The other way to share data between processes is through shared ctypes ojects.ctypes use shared memory which, according to the documentation, 'can be inherited by child processes'. In order to use them, we need to abandon Pool.map and rewrite the process slightly using Process class.

If you try to use ctypes with Pools you get this exception thrown at you if you do:

   RuntimeError: SynchronizedArray objects should only be shared between processes through inheritance 

The rewrite is trivial and in fact looks very similar to the map approach used in the previous examples.

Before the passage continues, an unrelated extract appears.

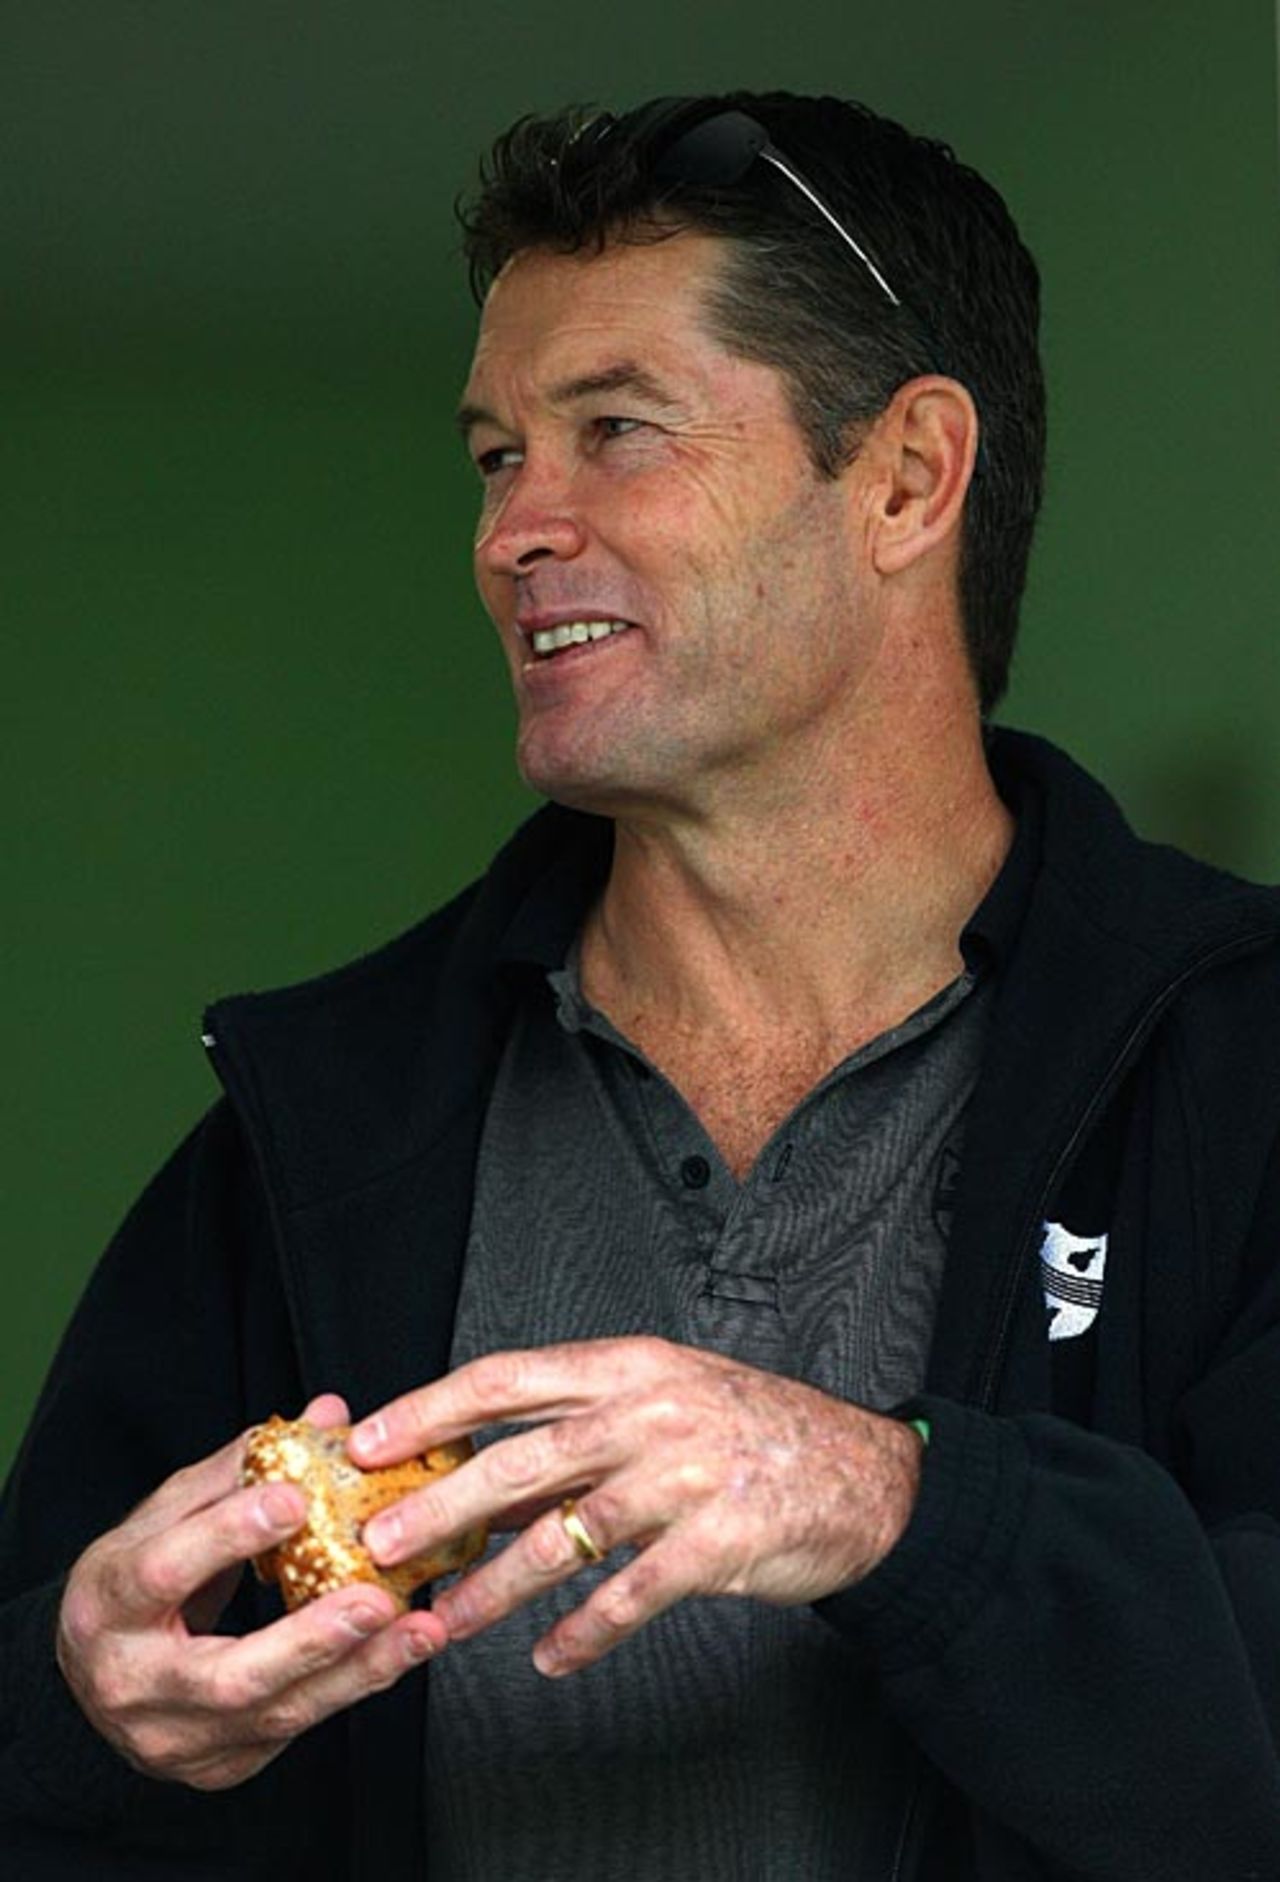 Graeme Hick was ruled out of his final Championship match because of an injury, Worcestershire v Middlesex, Kidderminister,  County Championship, September 17, 2008

def main_smp_shared_2(top, nthreads) :  
   n             = int(top)  
   nthreads      = int(nthreads)  
 
   prime         = (n + 1) * [1]  
 
   B     = smp_load_balance(nthreads, n)  
   arr   = multiprocessing.Array('i',prime)  
 
   procs = map(create_process, map(lambda lst : (n, lst, arr), B))  
   map(lambda p : p.start(), procs)  
   map(lambda p : p.join(), procs)  
   prime = arr[:]  
 
   return count_primes(prime)  
 
def create_process(argv) :  
   return multiprocessing.Process(target=dowork_smp_shared_2, args=(argv,))  
 
def dowork_smp_shared_2(args) :  
   n, nexti_sh2, L = args  
   nk    = 0  
   ops   = 0  
   k     = nexti_sh2[0]  
 
   lim   = len(nexti_sh2)  
   while 1 :  
 
       k  = nexti_sh2[nk]  
       if L[k] == 1 :  
           r = n / k  
           for i in range(nexti_sh2[0], r+1) :  
               ops   += 1  
               L[i*k] = 0  
       nk += 1  
       if nk >= lim : break  
 
   return L  
 

The results of the test are shown here.

I should note that ran the test by starting at a higher process count than shown here and counting down. I dropped the results for the higher process count, as it clearly showed the startup effect mentioned in the discussion of the results of the main_smp_alt implementation. The startup phase in this example includes everything up to and including the creation of the shared array. phase 1 adds the process creation.

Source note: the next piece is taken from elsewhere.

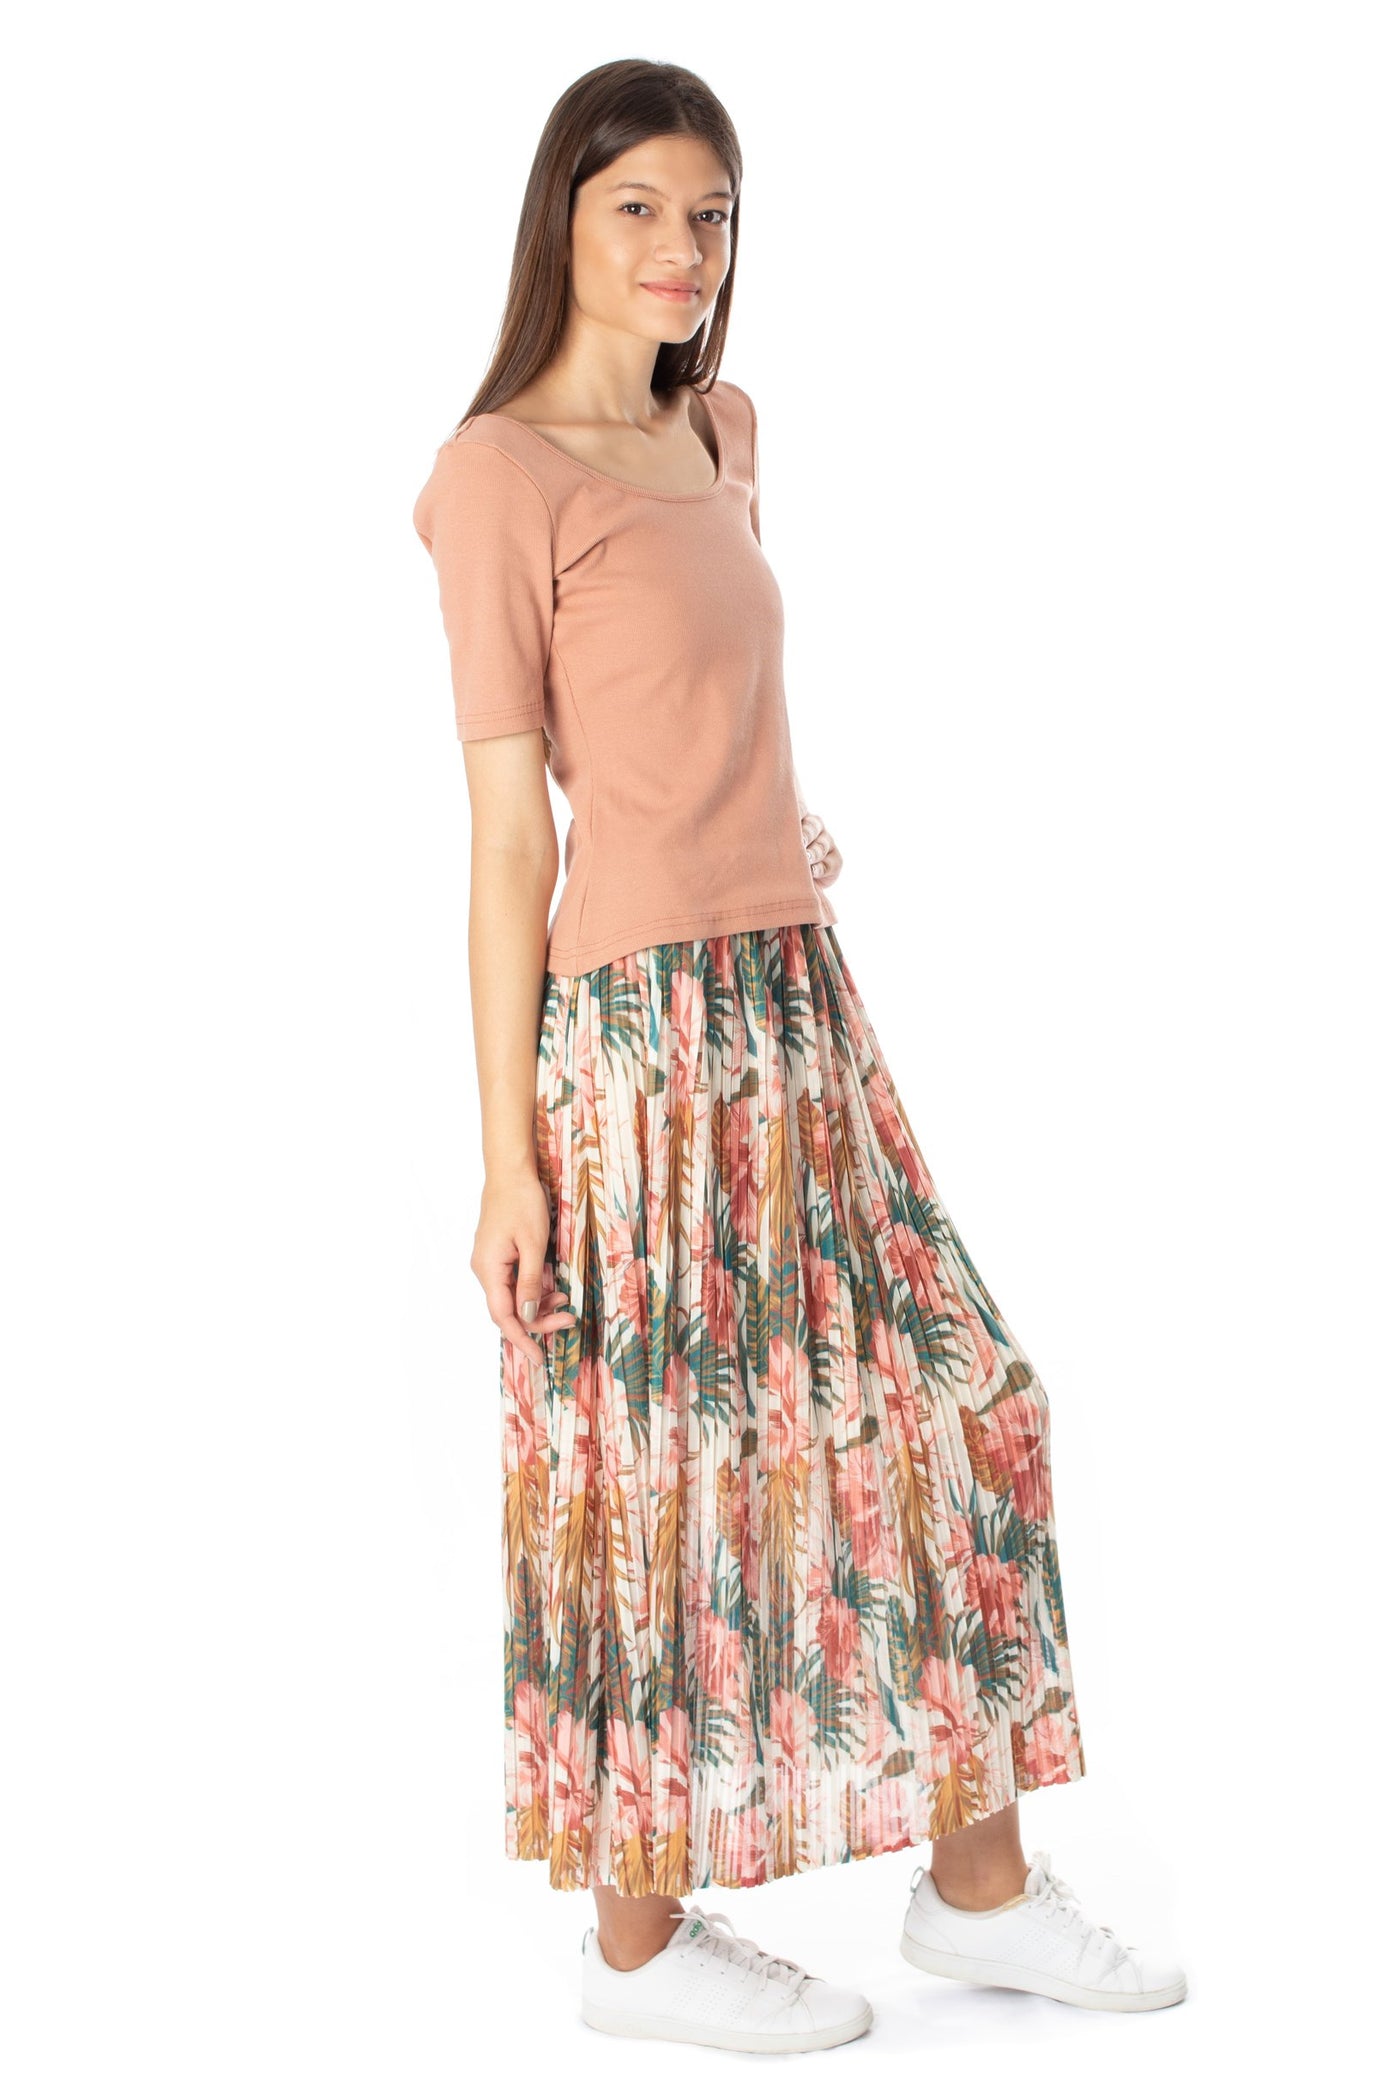 chassca floral printed maxi pleated skirt - Breakmood

There is no reduction phase as the processes share the sieve list. Therefore any change in performance is due to the distribution of the calculation across multiple instances. Notice the increase in performance when the number of processors increase from one to two. Performance starts to decrease after that as adding more processes creates more load on the box.

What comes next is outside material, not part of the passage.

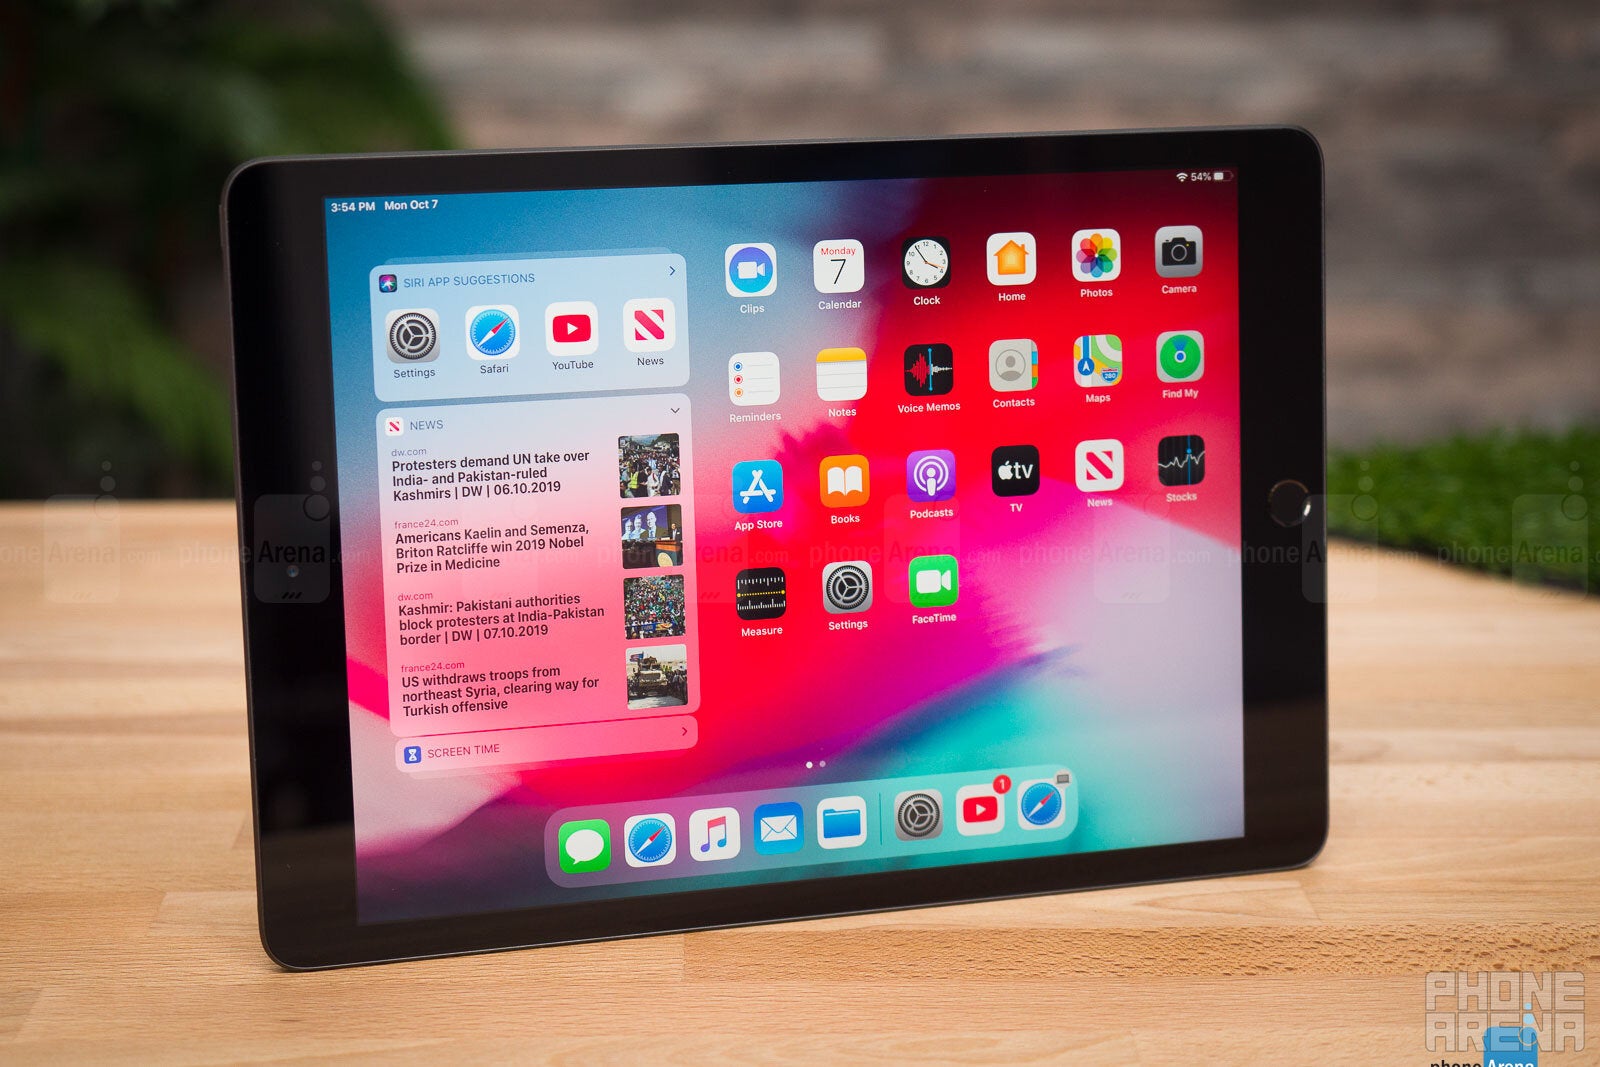 Apple iPad 7 (10.2) review: A cheap iPad worth buying

In this graph I show the performance as a function of the number of processes from 1 to 20. Again, changed the number of processes from hight to low, to remove startup effects on the lower end of the graph. You can clearly see the improvement in performance as you change from one to two and three processes, but that improvement diminished rapidly.

Conclusions

This post and the previous post use the distribution of the Sieve of Erasthones as way to explore multi-threading and multi-processing in Python.

I explored two simple ways to avoid the use of shared data. Both approaches lead to an increase in the number of total operations required to get the final Sieve. In both cases additional processing steps are required which can add significant processing time, offsetting any potential performance gain due to the distribution of the calculation, regardless of whether I use multi-threading or multi-processing.

When shared data is used, the [global interpretor lock (GIL)](a href=www.dabeaz.com/python/GIL.pdf) in the multi-threading module puts a hard floor on any potential performance increase.

The multiprocessing module does show a performance when the number of processes is roughly equal to the number of cores. However, an algorithm as simple as the Sieve doesn't allow for amortization of the startup cost, and the performance is significantly worse when multi-threading is used.

However, in cases where the startup costs can be amortized successfully the multiprocessing module may well lead to a gain in performance.